The timing of this announcement is critical. Digital currencies have surged in 2025, with Bitcoin reaching all-time highs, driven by renewed corporate adoption, sovereign interest, and the green light from regulatory regimes.
“Retirement savings are one of the most conservative pools of capital in existence. If crypto can earn its place there, it can earn its place anywhere,” noted Green. “This order breaks the psychological and regulatory barrier that’s kept crypto in a sandbox, but now it’s mainstage.”
That main stage is vast: US 401(k) accounts represent the deepest individual investment pool in the world. Even a modest portfolio allocation to crypto could unleash hundreds of billions of dollars in new demand for digital assets.

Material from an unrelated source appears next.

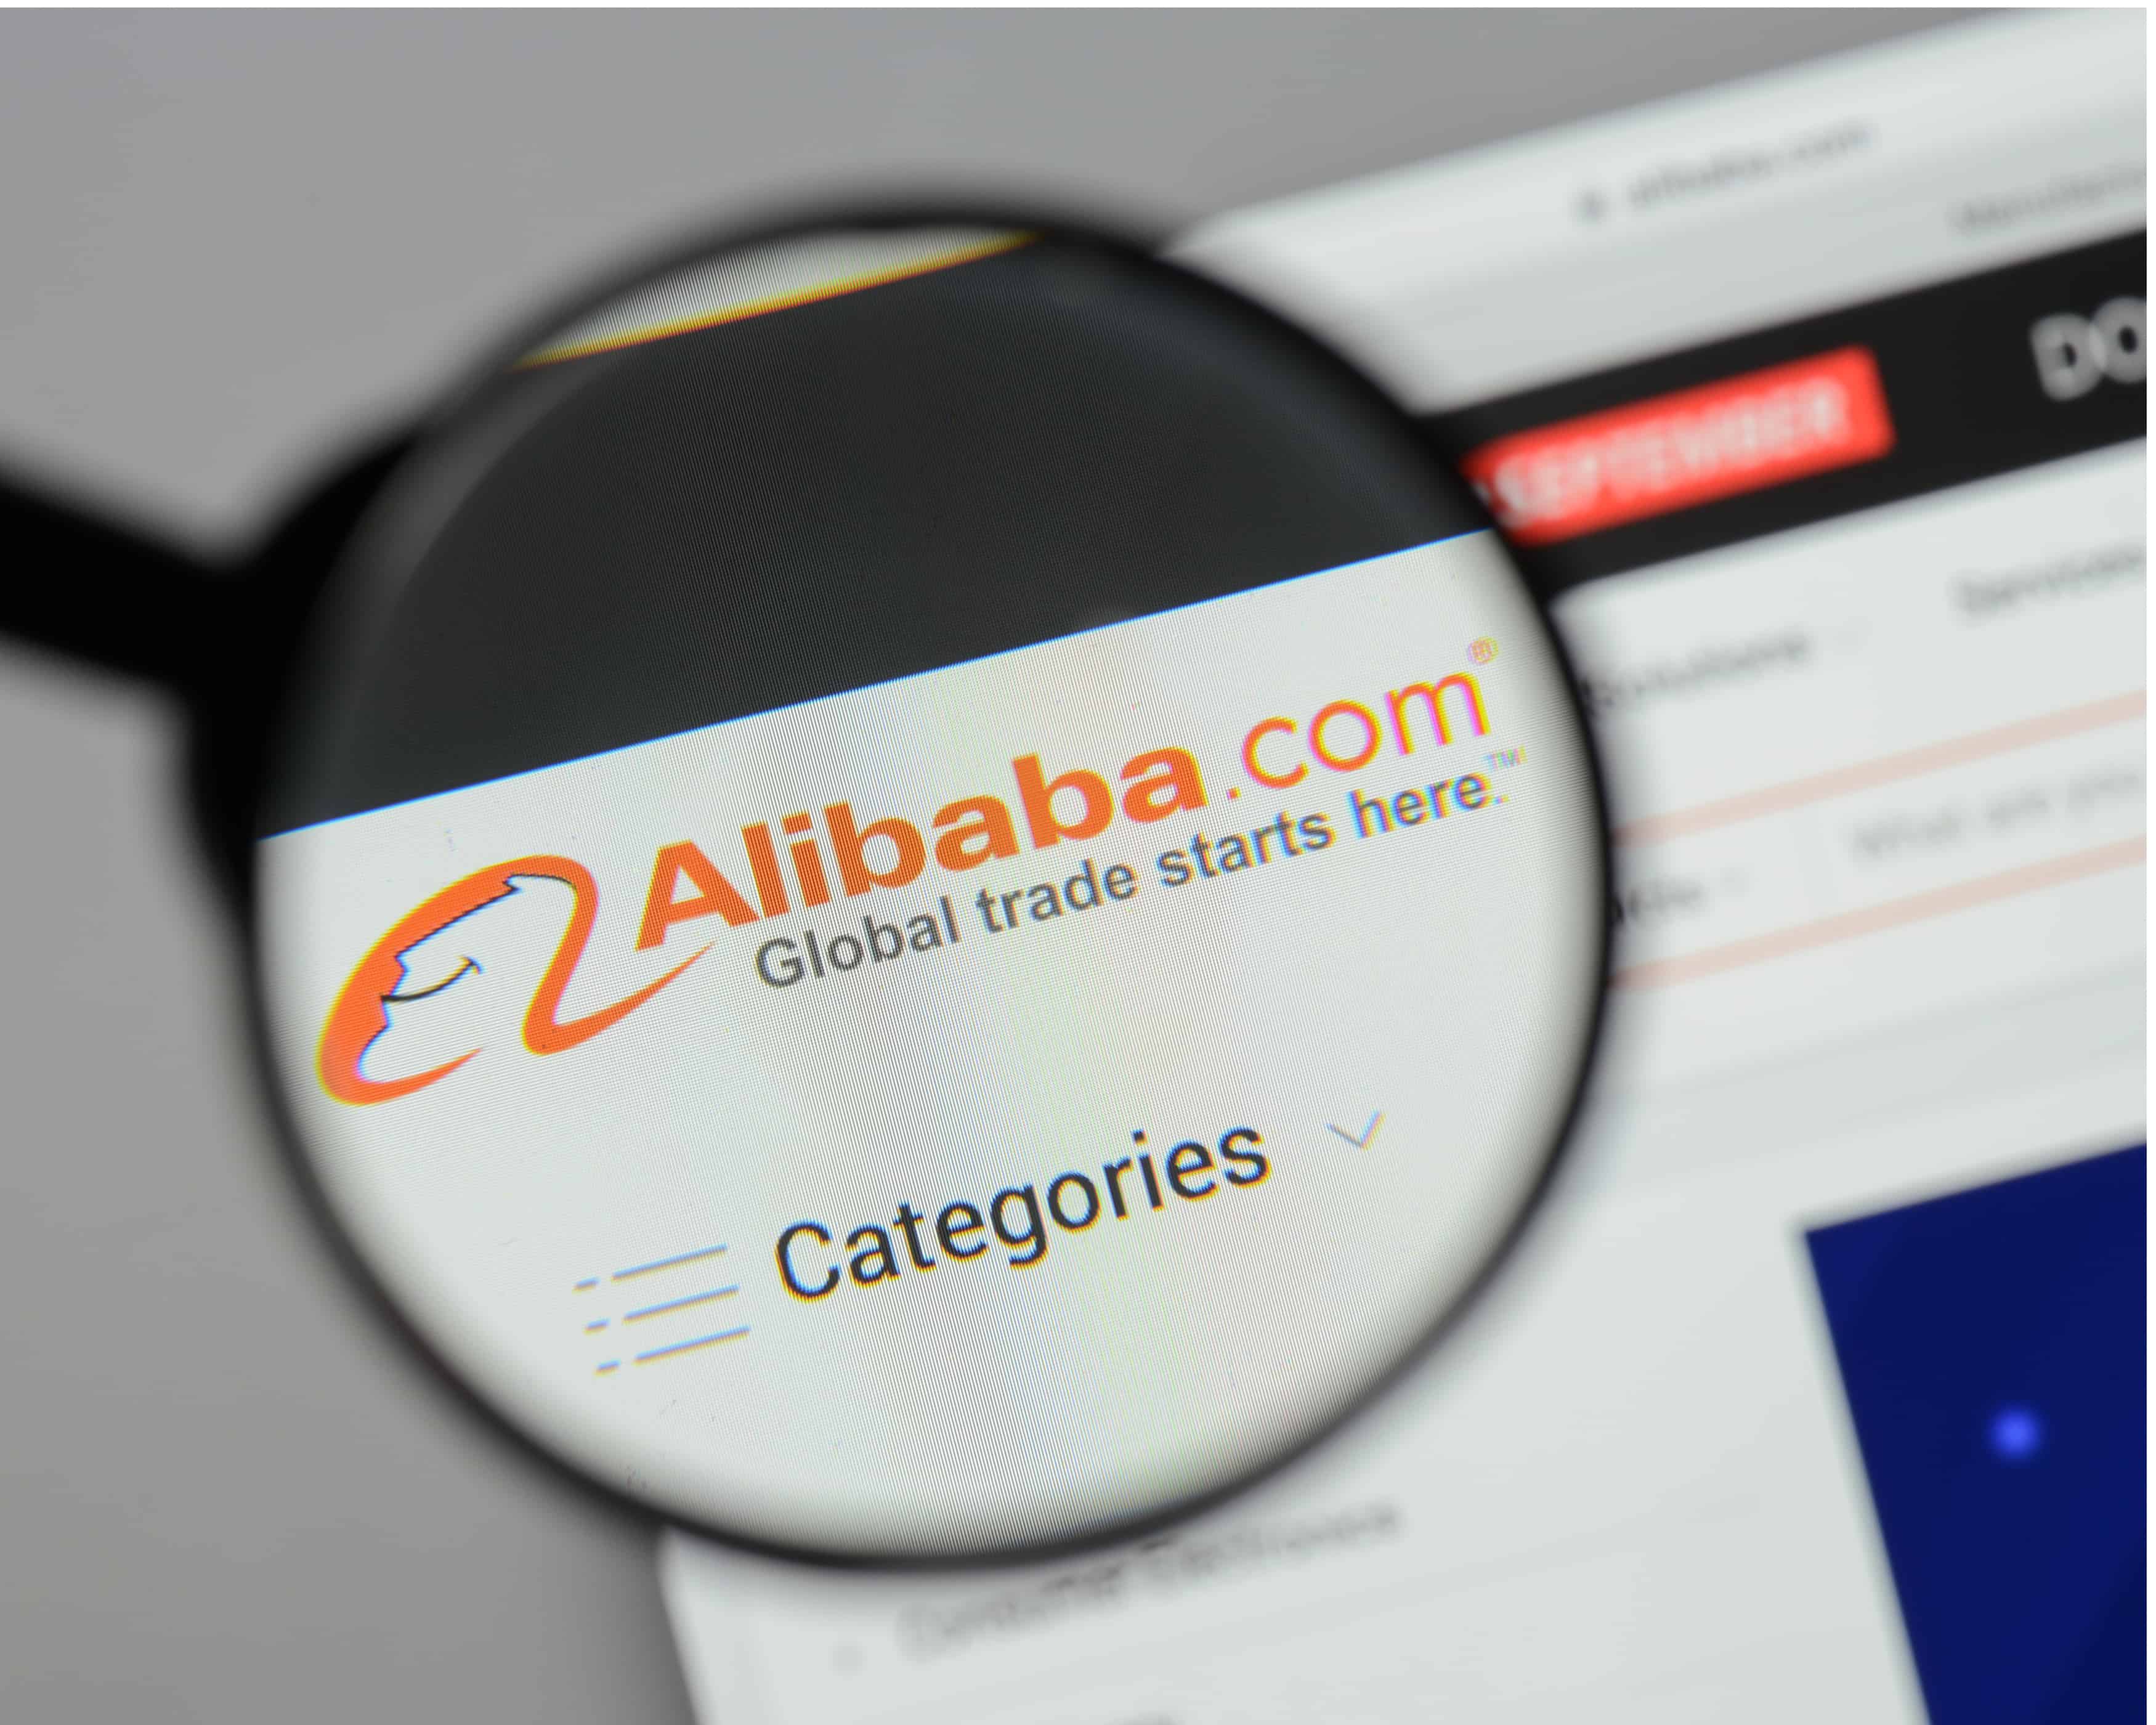 Seven reasons for Alibaba's success

Where that demand builds, infrastructure, innovation, and broader acceptance follow.
At the same time, this move signals an acceleration in the “political embrace of crypto.” Trump’s decision comes after years of lobbying by private market players, but it was the inclusion of digital assets, according to senior officials, that ultimately helped push the policy over the line.
For investors, this policy shift opens up opportunities, but also new responsibilities. Crypto markets remain volatile, and the risks differ from those of traditional stocks and bonds.
However, with appropriate diversification and professional oversight, Green argues, the long-term benefits are compelling.
“Investors want exposure to the future. They don’t want to miss out. This move allows them to build that exposure inside their most important financial vehicles, with guidance and safeguards.”
The impact won’t stop at US borders as capital markets are global. Pension funds, sovereign wealth managers, and asset allocators in every major economy will now have to rethink their own frameworks in light of this development.
“Crypto is no longer just an option for speculative traders or hedge funds. It’s becoming part of the financial DNA of today’s world,” Green concluded.
“President Trump’s move directing regulators to allow Americans to invest their 401(k) retirement savings in alternative assets, including crypto, private equity, and real estate, surprised both Wall Street and the crypto sector,” Wang observed. “The directive tasks the Labor Department, SEC, and Treasury with creating pathways for retirement savers to gain exposure to asset classes that, until now, were almost entirely out of reach.
“While most coverage has zeroed in on Bitcoin and Ethereum, once retirement plans are authorized to hold cryptocurrencies, the same rails could potentially be extended to tokenized equities, blockchain-based representations of real-world stocks. That means traditional equities could be bought, sold, and collateralized on-chain in a retirement account, potentially unlocking whole new classes of yield-bearing strategies for long-term savers.
“This isn’t just financial innovation, it’s a national imperative. By embracing tokenized finance at the retirement level, the U.S. has a chance to reassert itself as the global capital of financial innovation. This policy could cement America’s leadership in the next generation of markets, open, programmable, and on-chain”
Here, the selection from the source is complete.